▶ **Source information**
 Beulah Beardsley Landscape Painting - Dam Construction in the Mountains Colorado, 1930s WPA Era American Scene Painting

* * *

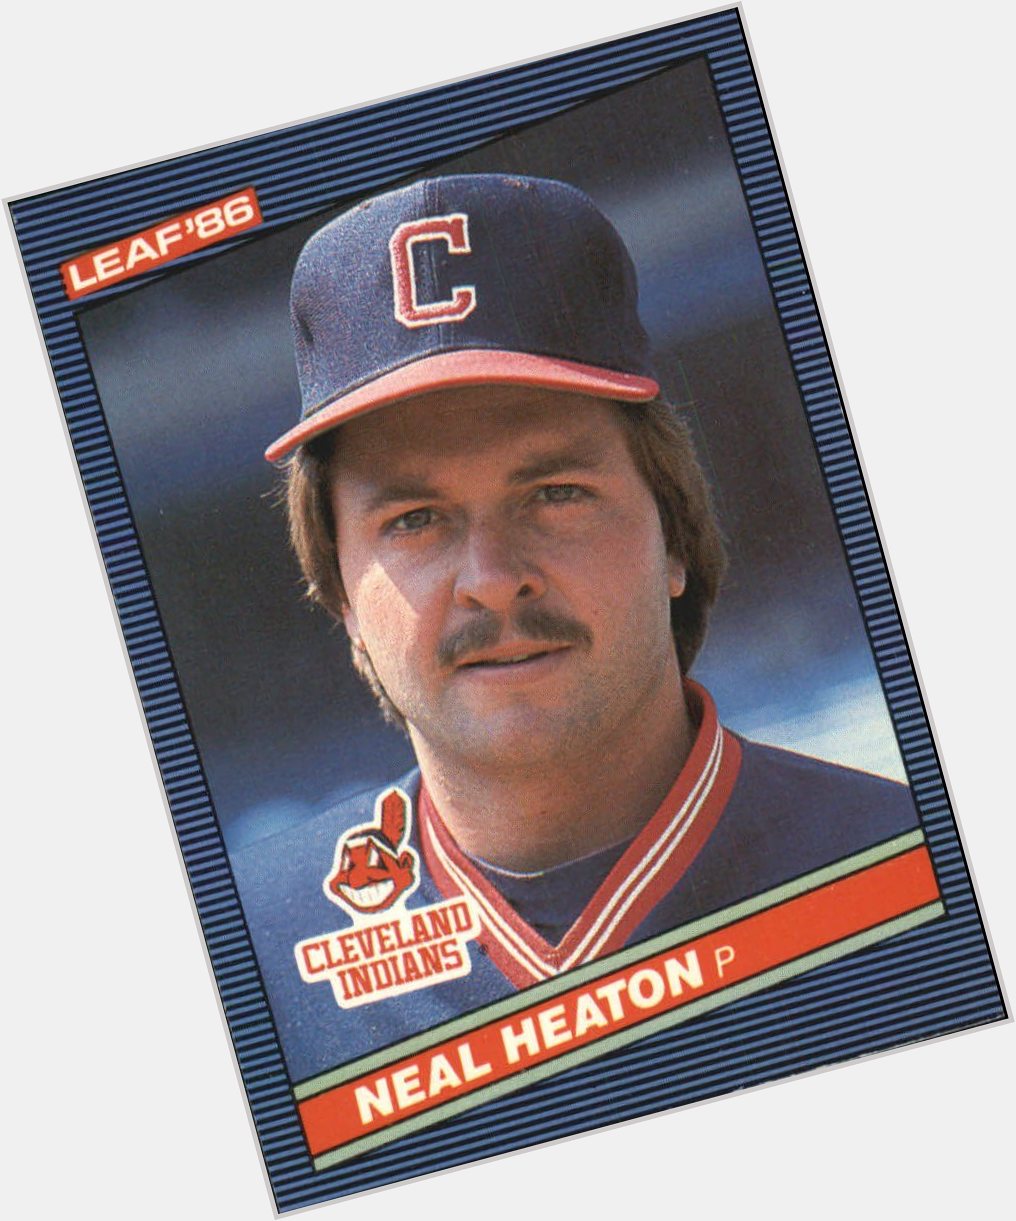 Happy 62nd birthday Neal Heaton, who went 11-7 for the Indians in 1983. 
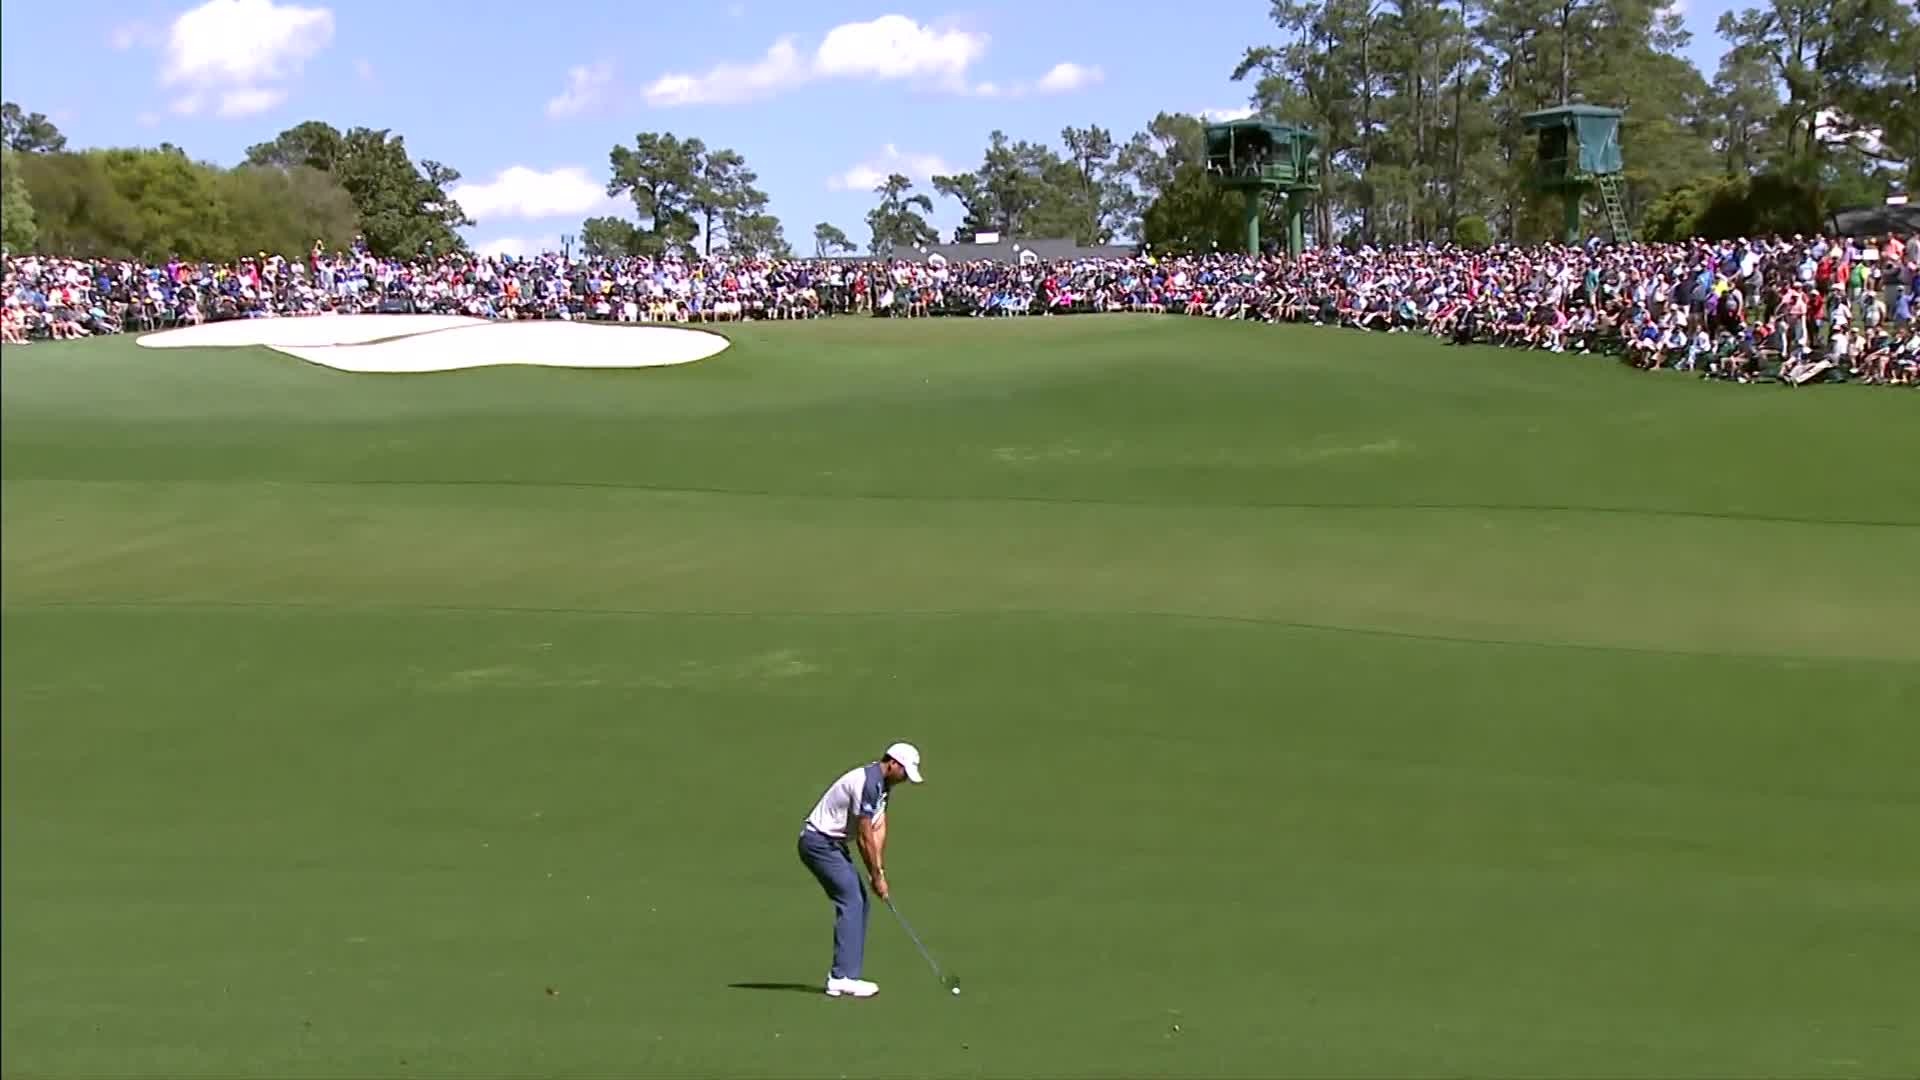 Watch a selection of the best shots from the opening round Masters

▶ **What you will do**
What are the lines above from the one with "Happy 62nd birthday" to the one with "Watch a selection", both included? Reproduce them exactly, without pictures.

▶ **Problem solution**
 Happy 62nd birthday Neal Heaton, who went 11-7 for the Indians in 1983. 
 Watch a selection of the best shots from the opening round Masters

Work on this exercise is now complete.